É importante ressaltar que a prioridade no atendimento não se trata apenas de um benefício, mas sim de um direito garantido por lei, visando assegurar que as crianças autistas tenham acesso igualitário aos serviços e recursos necessários para seu desenvolvimento e bem-estar. As famílias podem e devem exigir o cumprimento desses direitos, buscando apoio de órgãos responsáveis pela defesa dos direitos das pessoas com deficiência, sempre que necessário.
Como defender os direitos das crianças autistas?
Conheça a legislação: Familiarize-se com as leis e políticas que protegem os direitos das pessoas com autismo no Brasil. Inclusive, as redes sociais são uma excelente ferramenta nesta busca.

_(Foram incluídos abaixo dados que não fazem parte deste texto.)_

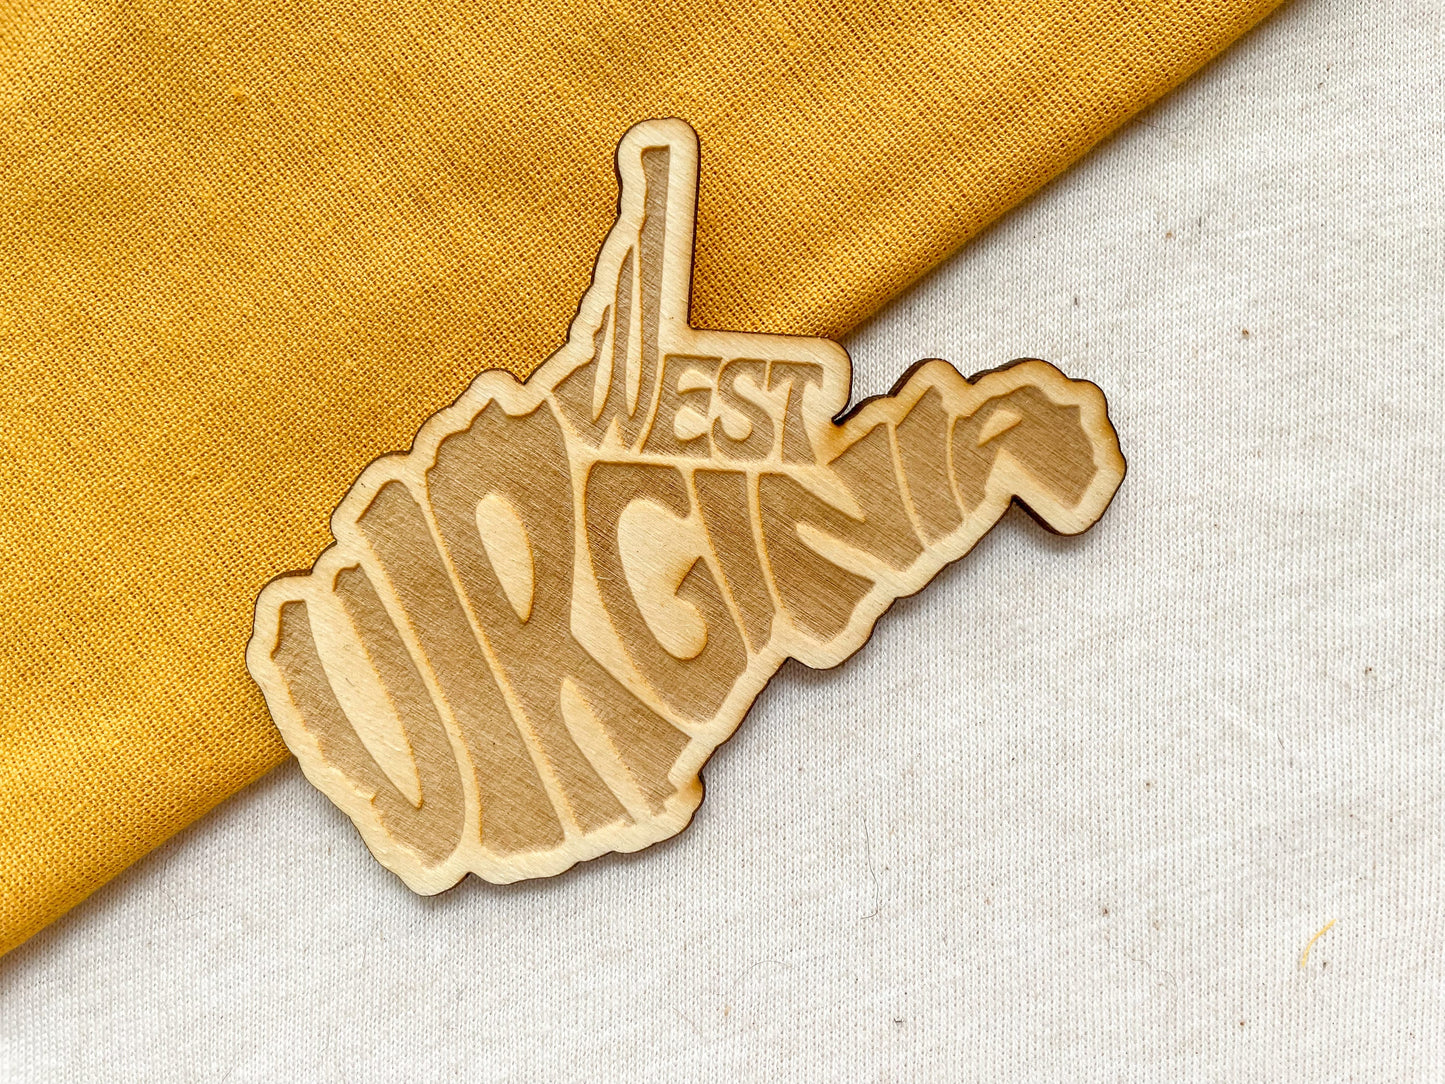 West Virginia State Name Magnet
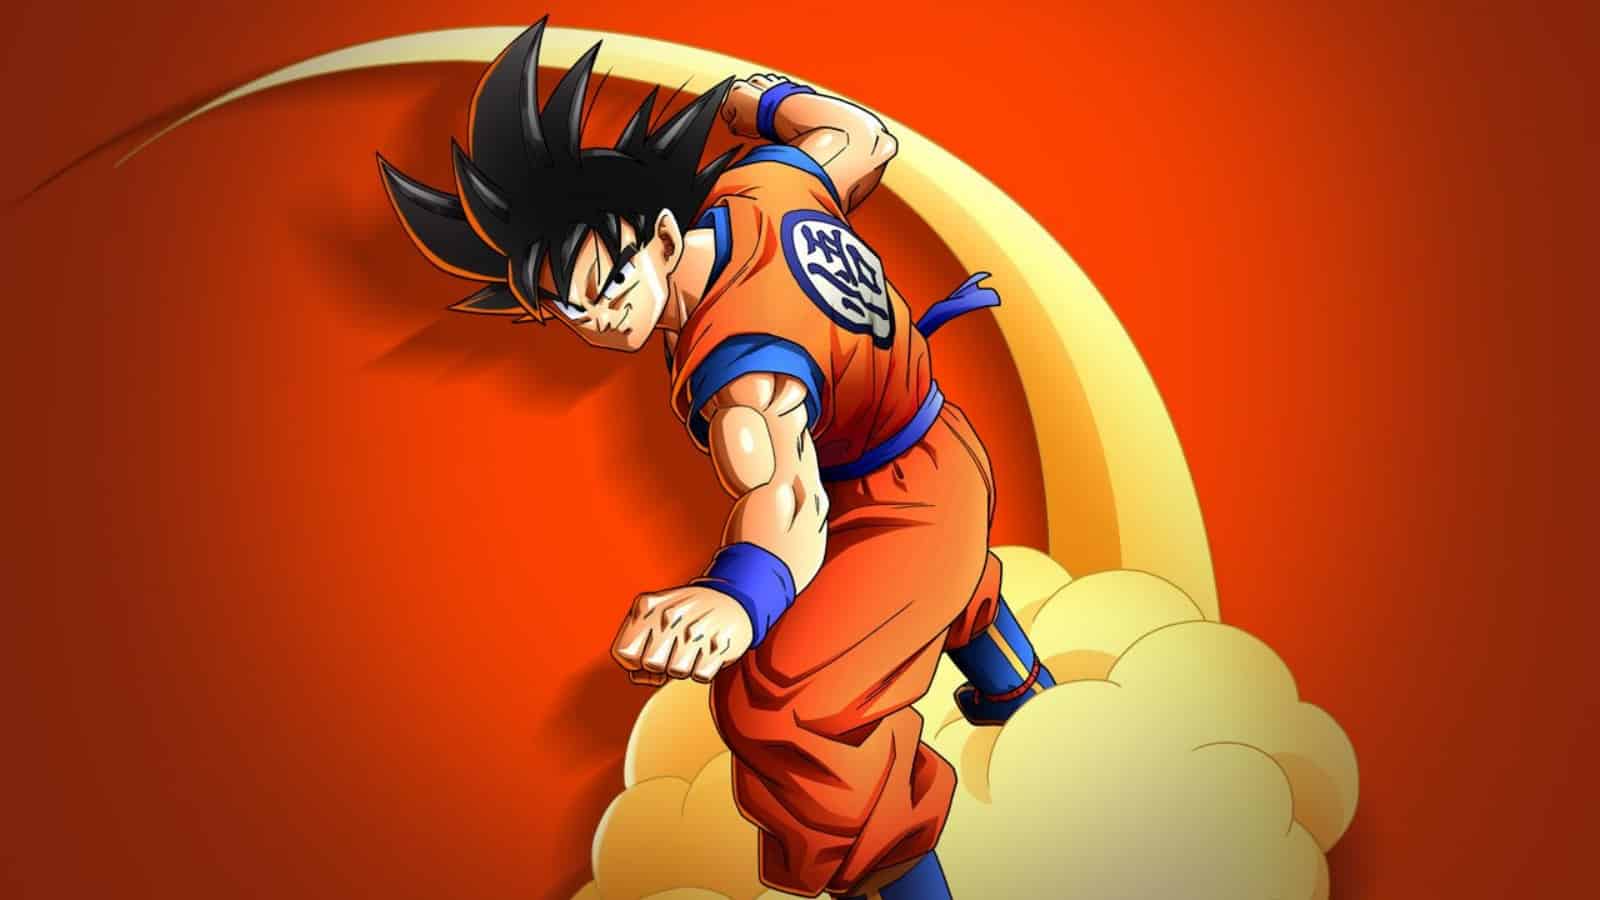 RUMOR: Dragon Ball Z content coming to Fortnite

Conheça os serviços oferecidos na sua cidade: Esteja preparado para defender os direitos de seu filho, seja na escola, no sistema de saúde ou em outras instituições. Se necessário, busque apoio de organizações de defesa dos direitos das pessoas com autismo.
Rede de apoio: Conecte-se com outras famílias e profissionais que tenham experiência em lidar com questões relacionadas ao autismo. Compartilhar experiências e recursos pode ser incrivelmente útil.
Autodefesa e autonomia: Capacite seu filho autista, desde tenra idade, a entender seus próprios direitos e a se defender. Isso pode ajudá-los a desenvolver habilidades de autodefesa ao longo da vida.
Os direitos dos autistas na realidade
Aqui eu abordei alguns dos direitos, com maior impacto na vida das crianças. A minha especialidade é a Terapia Ocupacional, portanto, vocês podem buscar aprimorar o conhecimento sobre este assunto com profissionais do direito.
Mas o meu objetivo aqui é de te instigar como família para que vocês se apropriem dos seus direitos e espaços.
Entendo que, por vezes, a aplicação real desses direitos pode ser algo bem desafiador e eu lamento demais por isto. Inclusive, este artigo é uma forma de contribuição para mudar essa realidade.
Porém, aqui, quero te fazer refletir que ao entender e defender os direitos de seus filhos autistas, vocês não apenas os capacitam a alcançar seu pleno potencial, mas também contribuem para uma sociedade melhor.
Promover os direitos das pessoas com autismo requer o compromisso de toda a sociedade em reconhecer e valorizar a diversidade, respeitar esses direitos e trabalhar em conjunto para construir uma sociedade mais justa e inclusiva para todos.